**Task to complete**
Retype nothing except the lines below from the one with "Adozioni ragazzi in Nepal" through the one with "Mac Vu360 Ge", exactly, with images left out.

**Extracted entries**
-=-=-=-=-

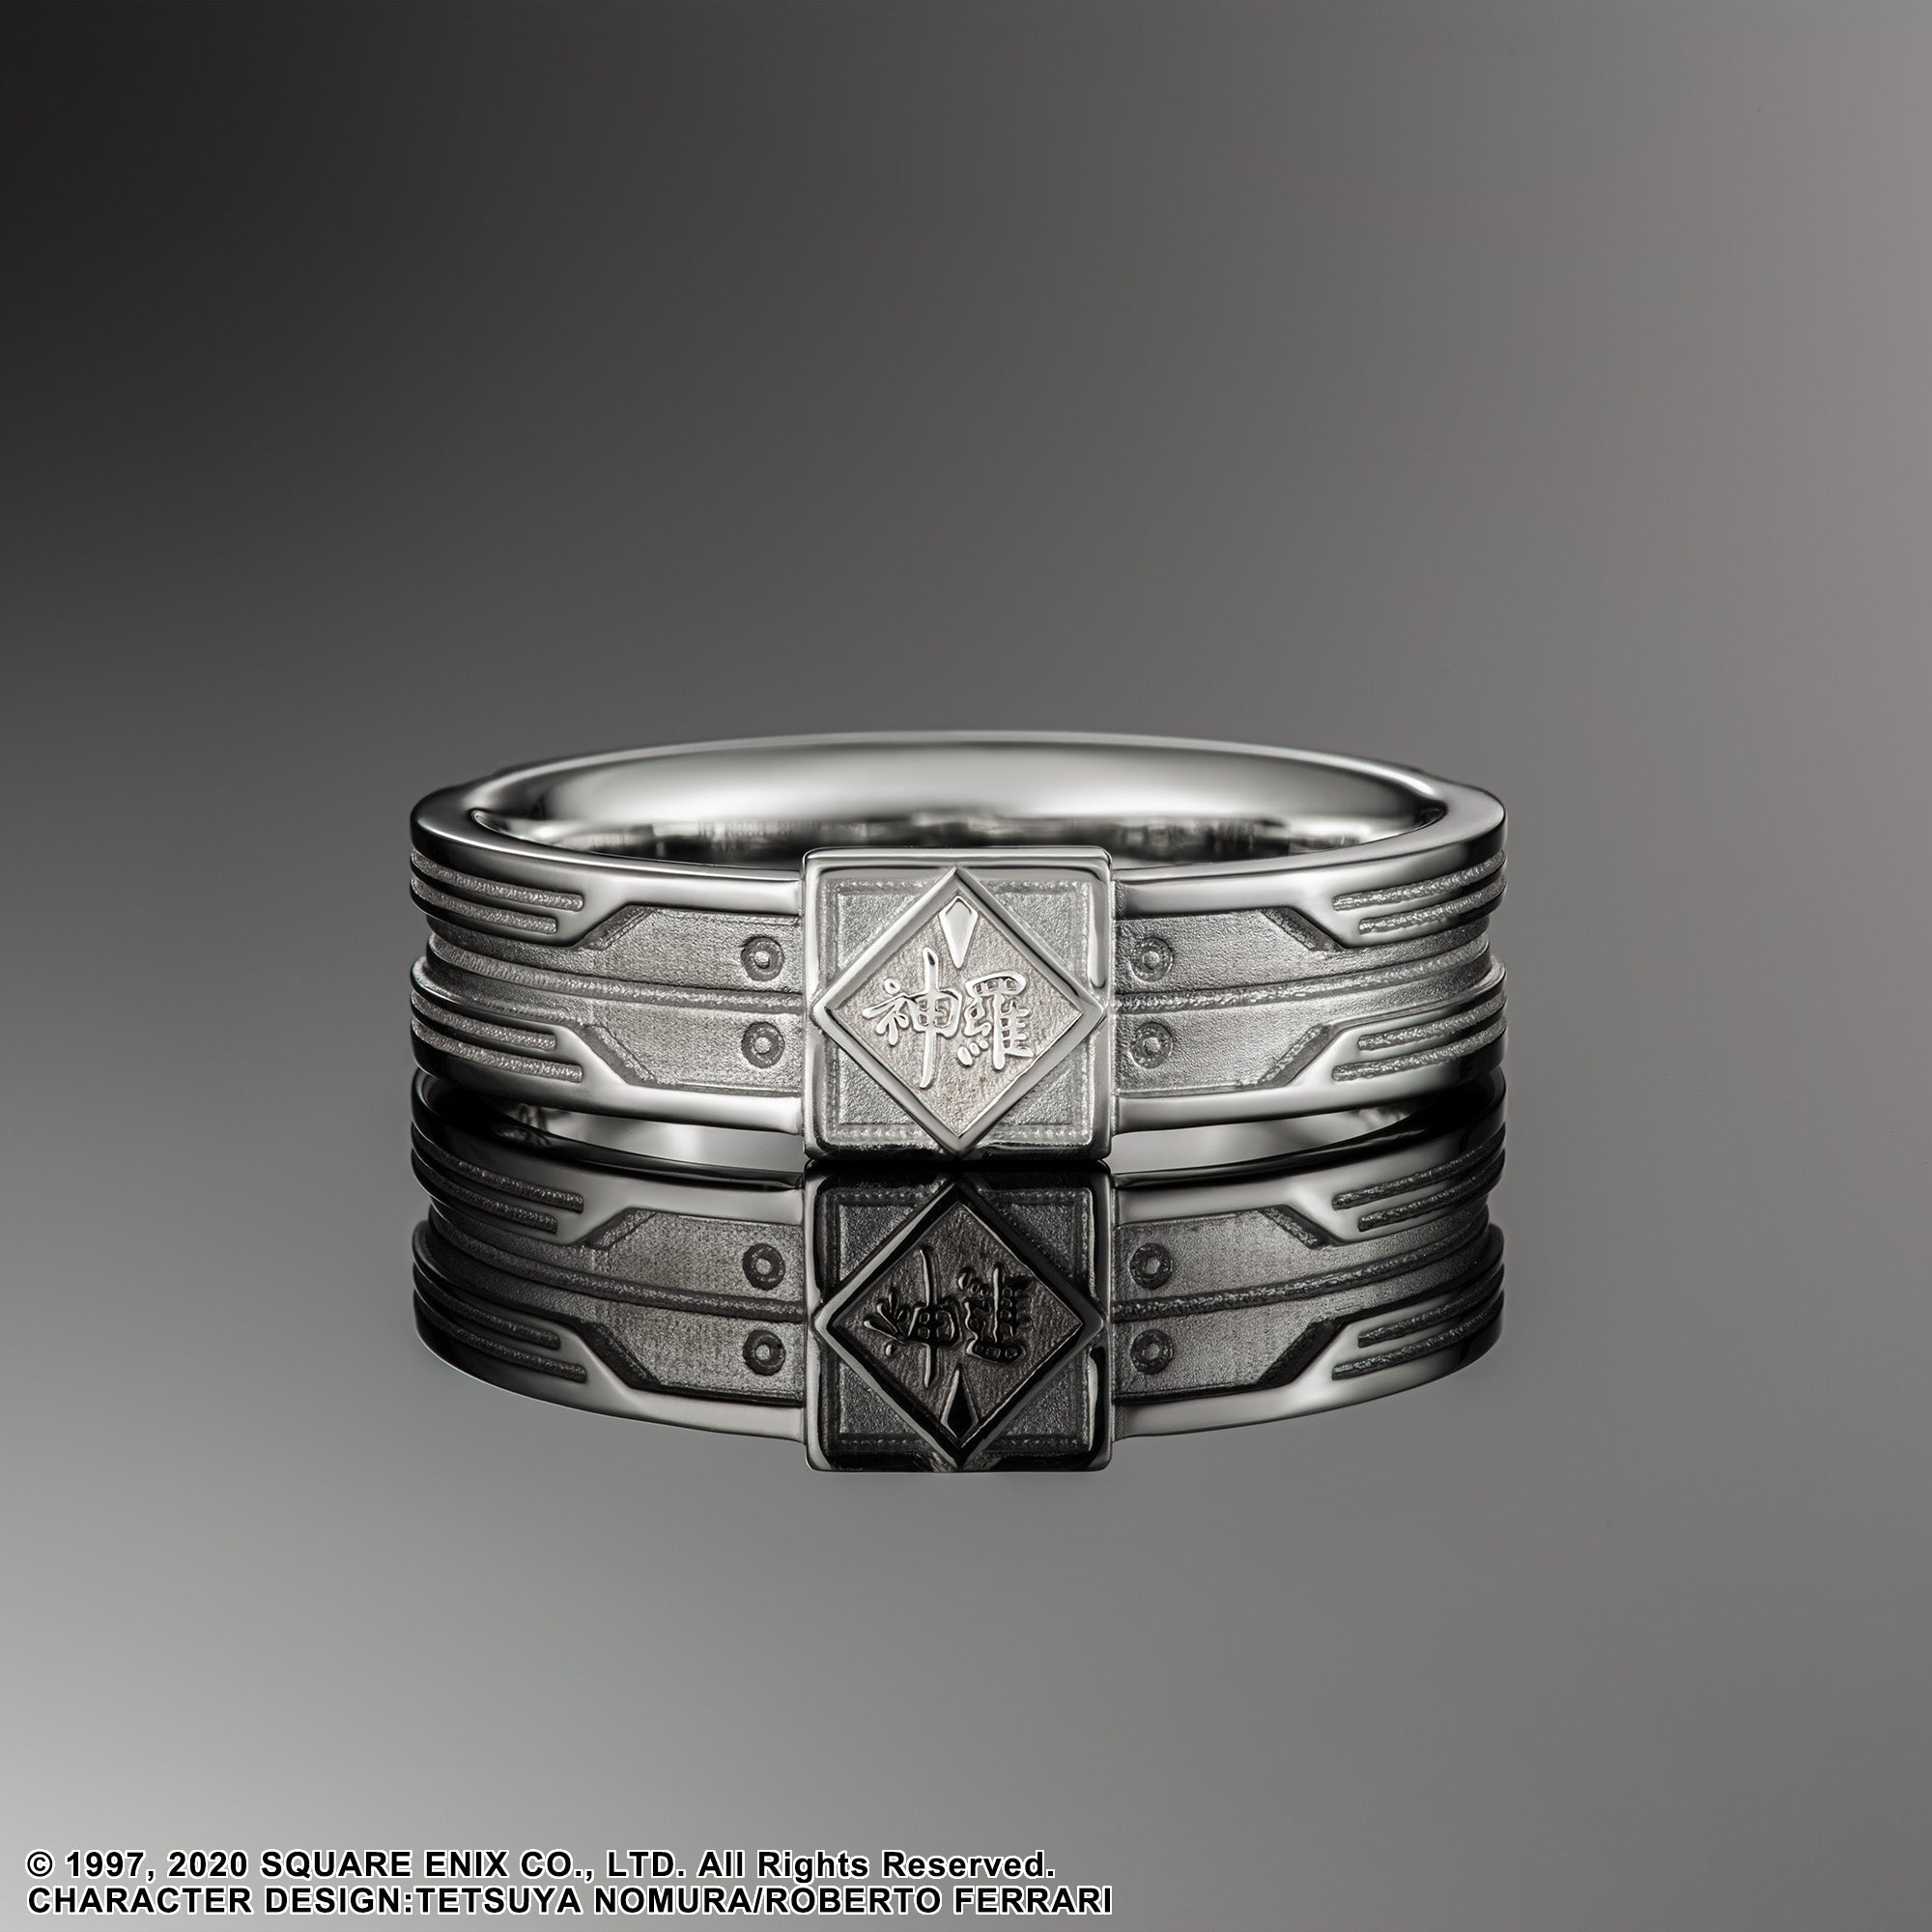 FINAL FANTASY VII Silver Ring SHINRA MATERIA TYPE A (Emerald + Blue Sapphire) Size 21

-=-=-=-=-

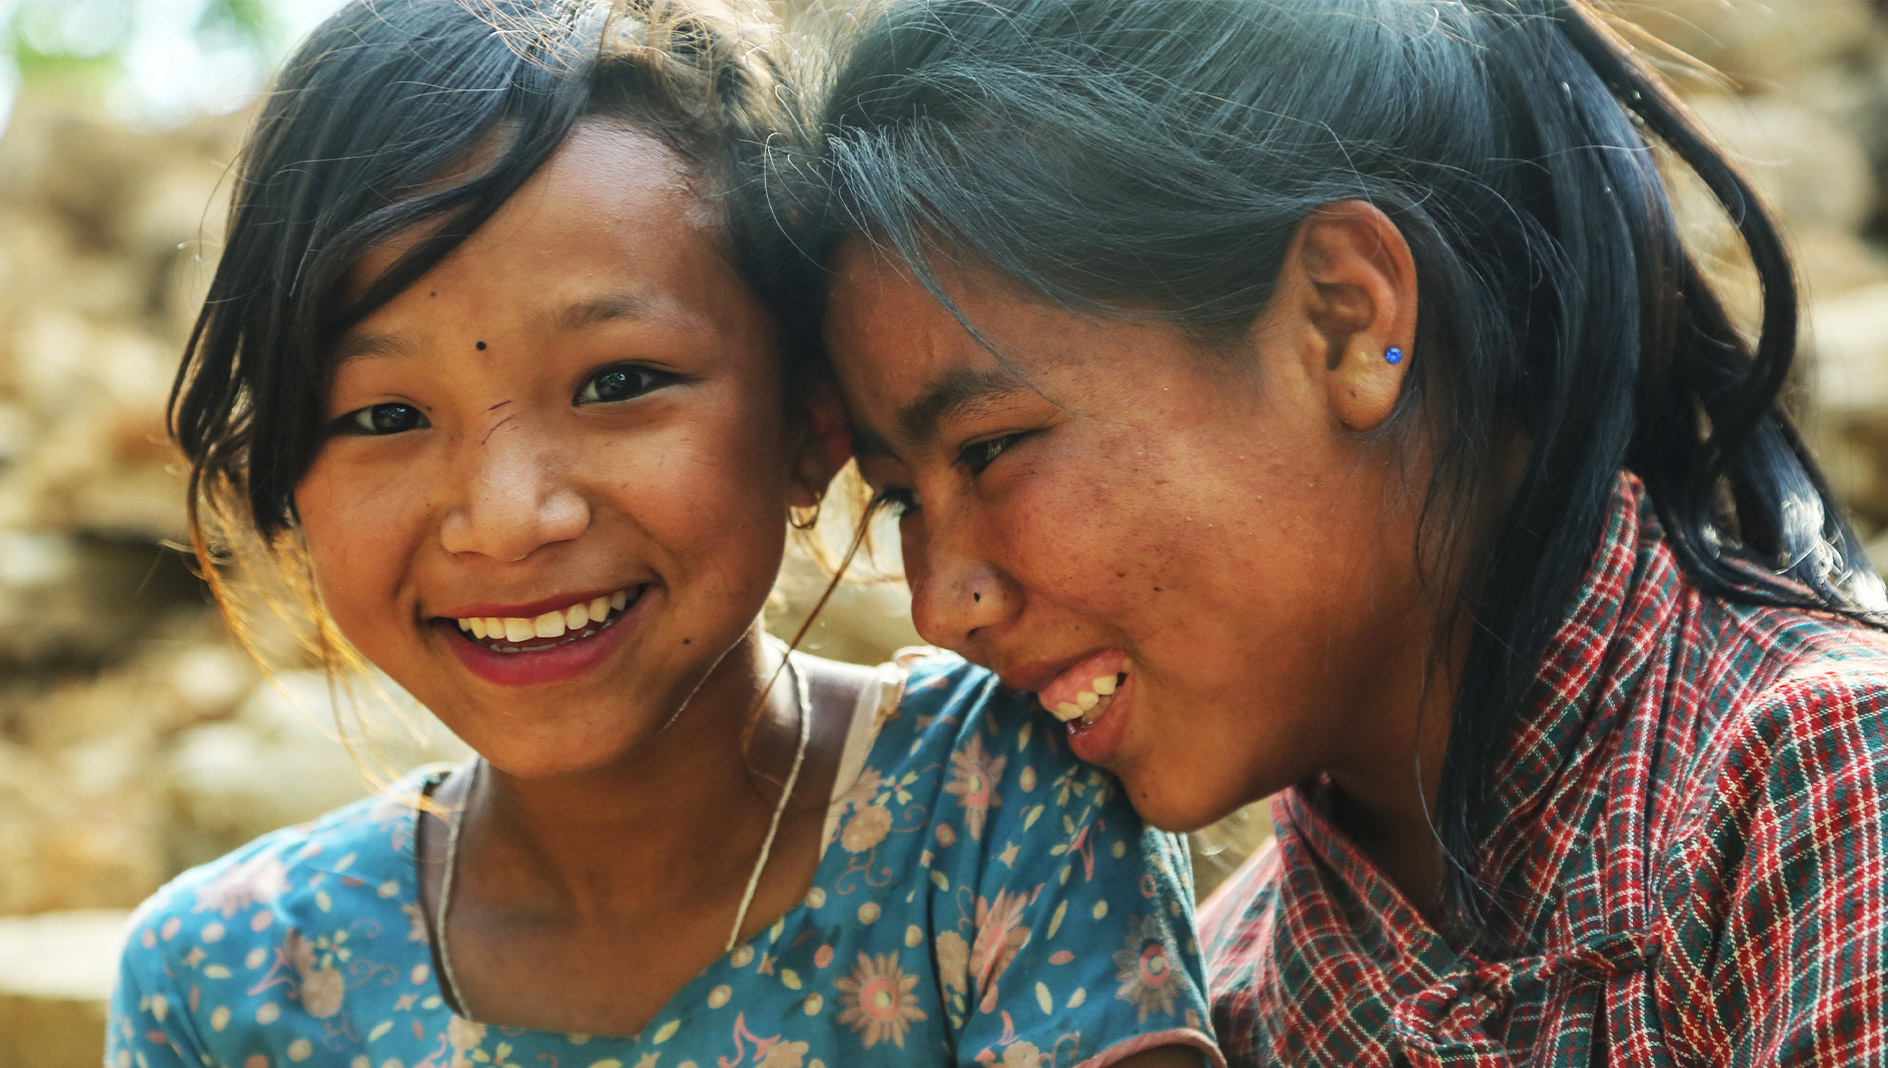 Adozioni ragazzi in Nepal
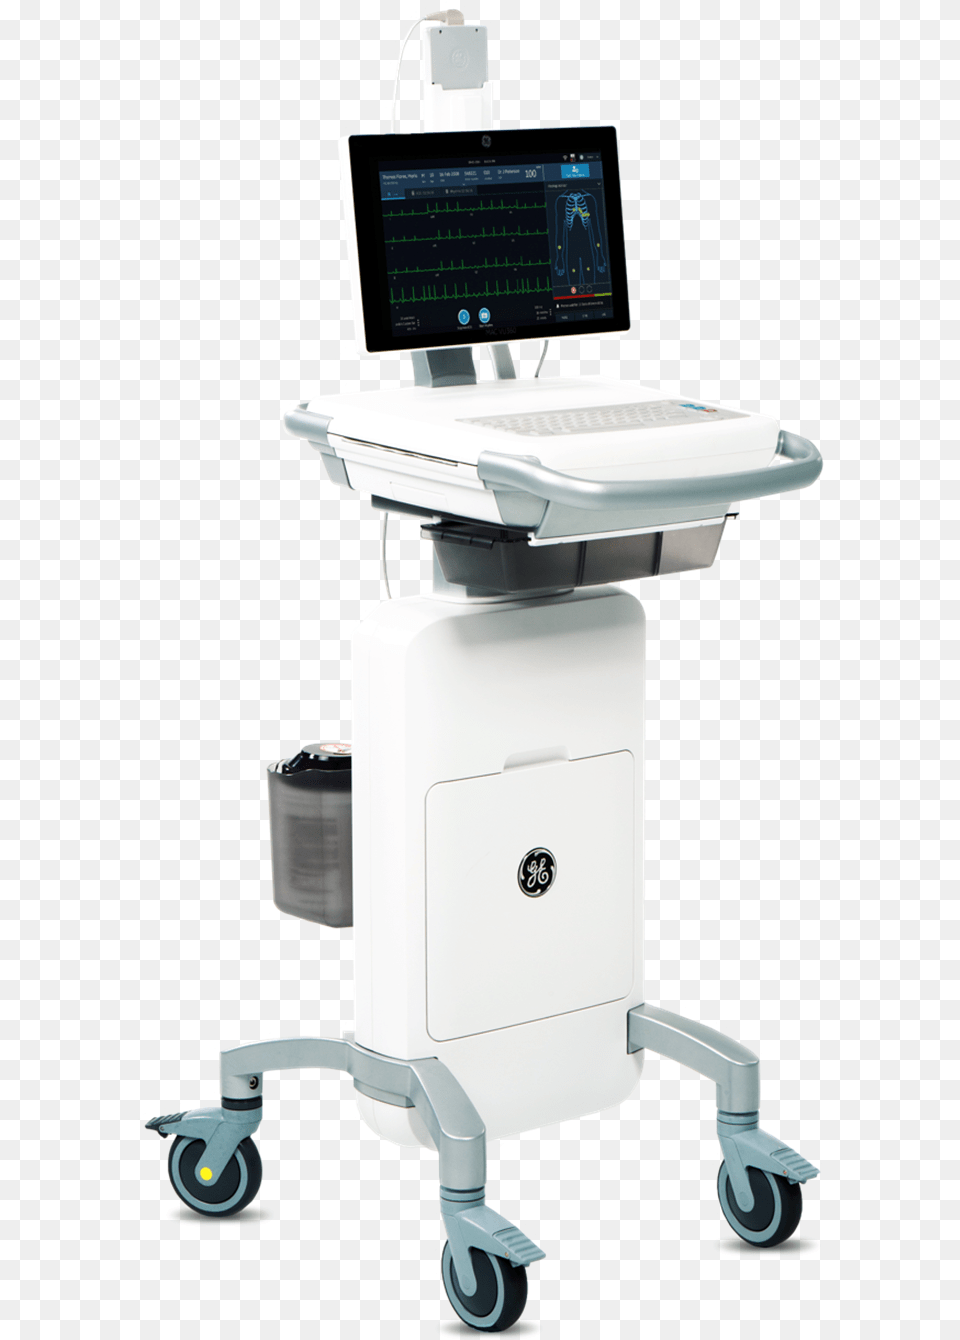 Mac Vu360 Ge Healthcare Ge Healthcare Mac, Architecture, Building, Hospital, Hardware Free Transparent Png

-=-=-=-=-

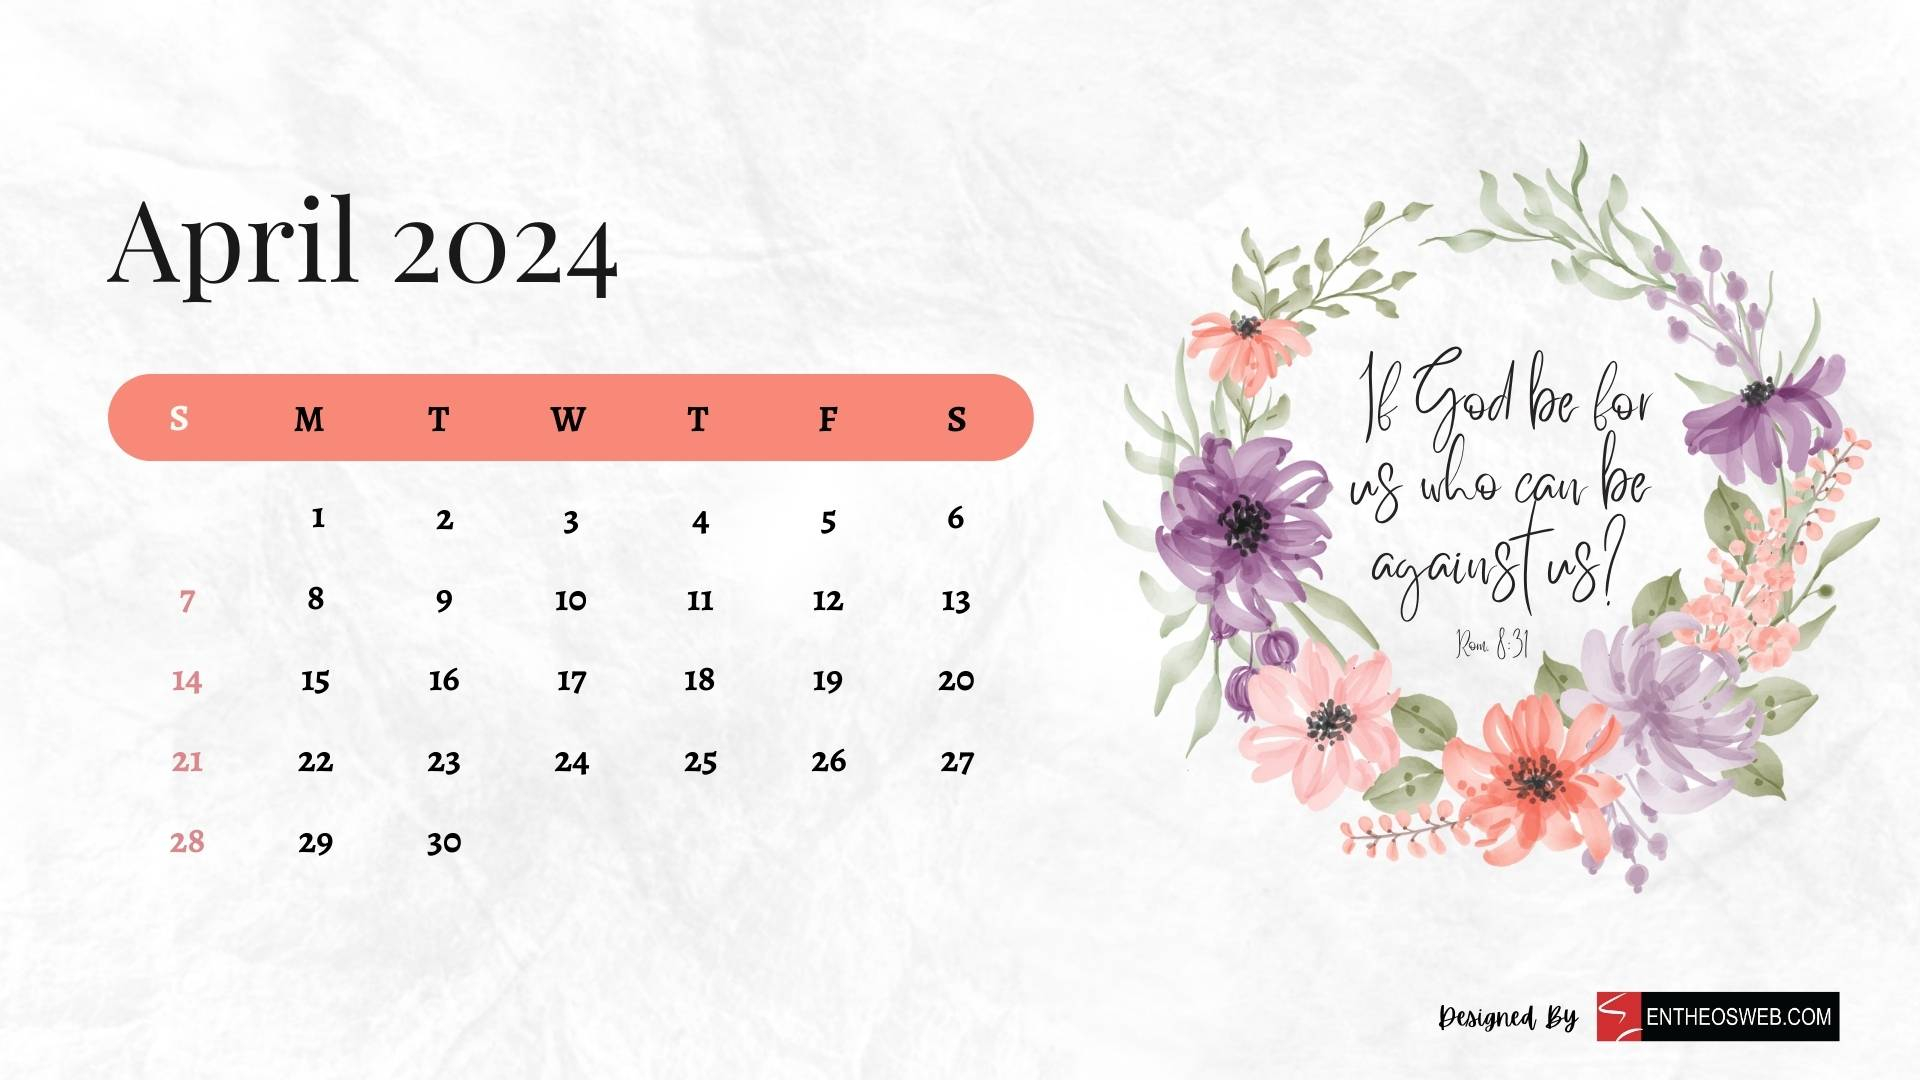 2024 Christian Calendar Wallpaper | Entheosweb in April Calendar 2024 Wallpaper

-=-=-=-=-

**Output**
 Adozioni ragazzi in Nepal
 Mac Vu360 Ge Healthcare Ge Healthcare Mac, Architecture, Building, Hospital, Hardware Free Transparent Png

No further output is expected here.